Betriebskosten von 167.000 Euro für 2024 kalkuliert
Ob auch der Gemeinderat diese Einschätzung teilt, wird sich am morgigen Dienstag zeigen, wenn es in der nächsten Sitzung des Gremiums darum geht, ob das Projekt über die Probephase hinaus, die noch bis Juli 2024 läuft, verlängert werden soll. Bei der Entscheidung dürfte vor allem die Frage der Finanzierbarkeit eine wichtige Rolle spielen. Für heuer rechnet man mit Kosten von rund 140 000 Euro, für 2024 sieht die Kalkulation Gesamtausgaben von knapp 167 000 Euro vor, sollte das Projekt über den Juli hinaus weitergeführt werden. Eingerechnet ist darin schon, dass die Fahrzeugflotte ab diesem Zeitpunkt von drei auf zwei Wagen schrumpft. Die Mehrausgaben seien höheren Kosten für Personal, Strom sowie den Leasingraten geschuldet, erklärt der Rathauschef.

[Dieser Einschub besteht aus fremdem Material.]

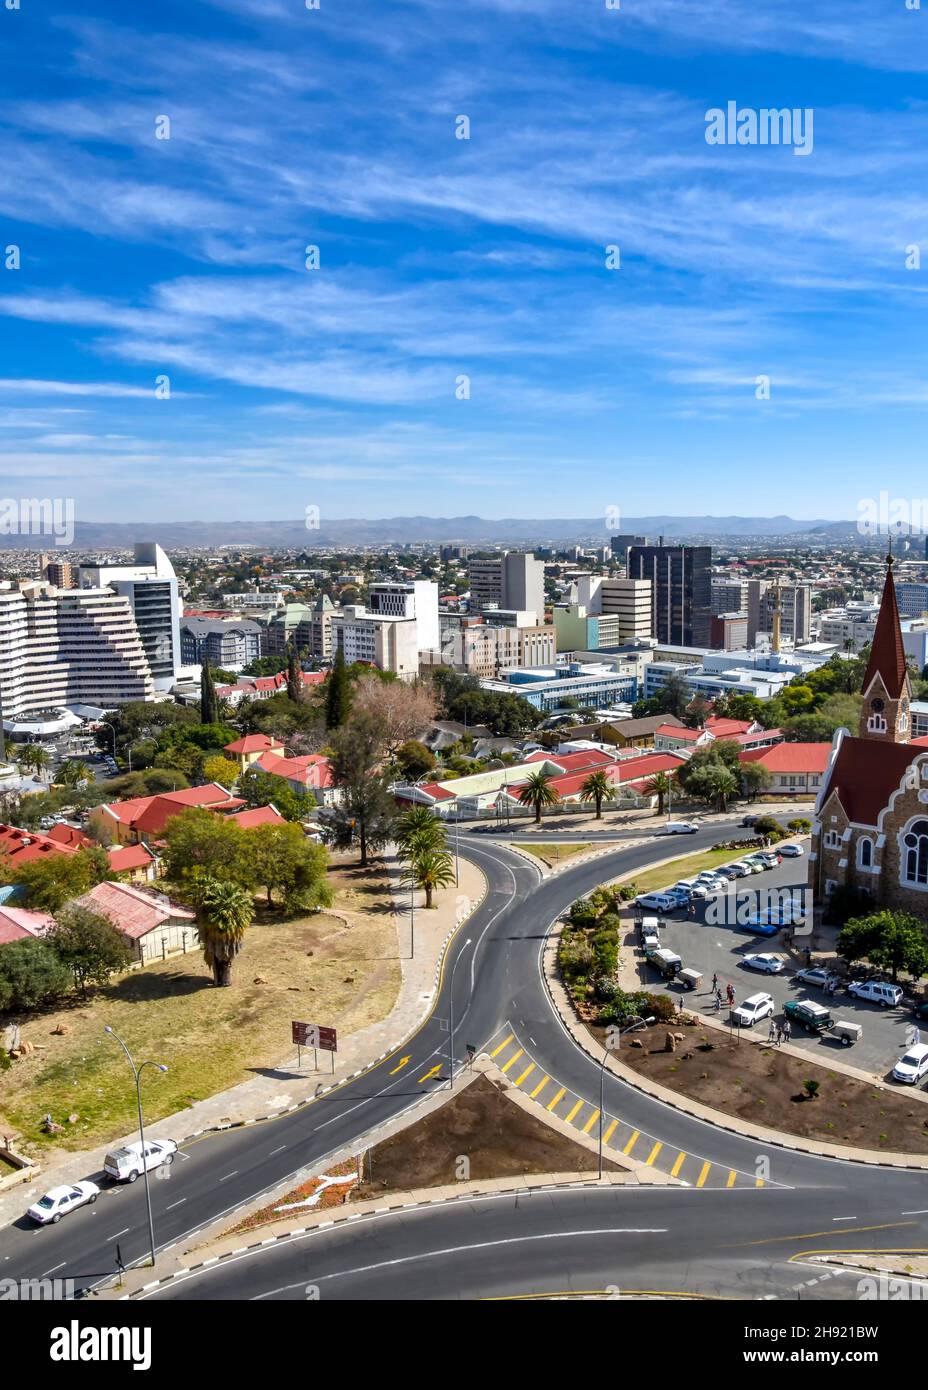 An aerial view of the center of Windhoek the capital of Namibia in Southern Africa on a beautiful bright sunny day against a blue sky Stock Photo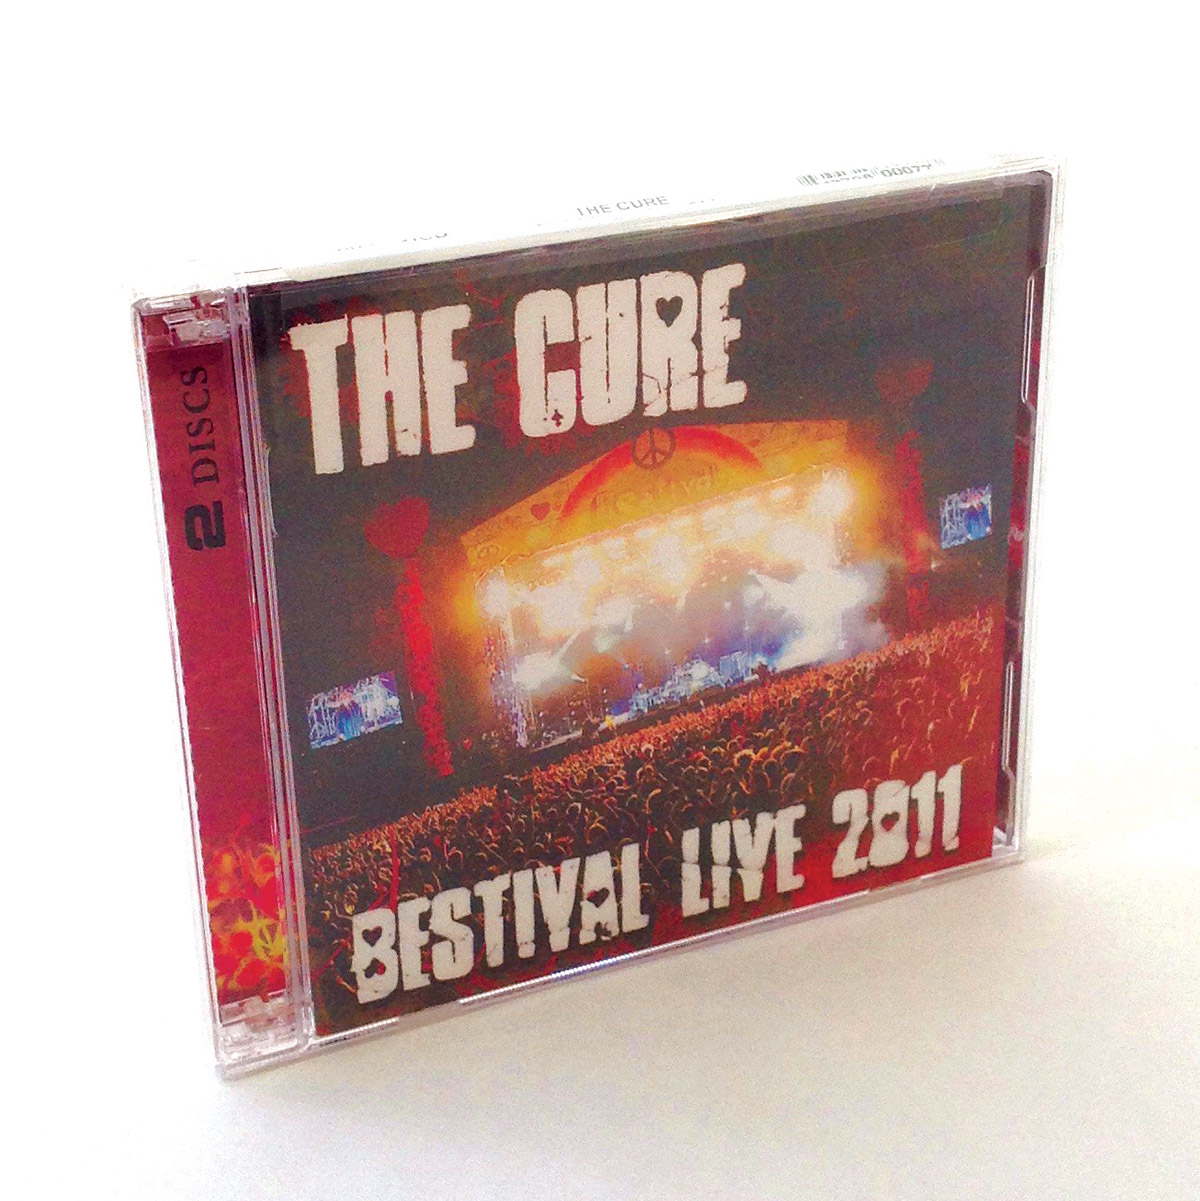 The Cure Double Jewel - Affordable CD / Compact Disc Replication

Damit liegt man zwar immer noch deutlich unter dem ursprünglich angesetzten Betrag von 200 000 Euro pro Jahr. Allerdings fällt nach den ersten beiden Jahren der Zuschuss der Regierung von Oberbayern weg, die das Pilotprojekt derzeit noch mit 50 Prozent fördert. Heißt, die Gemeinde müsste ab Juli 2024 die kompletten Kosten aus eigener Tasche bezahlen – kein Pappenstiel angesichts der klammen Haushaltslage, die zuletzt dazu führte, dass man Steuern und Gebühren in allen Bereichen anheben musste (wir berichteten).
Dessen ist sich auch der Bürgermeister bewusst. „Es ist eine politische Entscheidung, die der Gemeinderat treffen muss.“ Auch das Freibad und die Sportstätten seien freiwillige Leistungen, gibt er zu bedenken. Diese würden eher von jungen Menschen und Familien in Anspruch genommen. Mit dem Peitingmobil habe man dagegen auch ein Angebot für Senioren.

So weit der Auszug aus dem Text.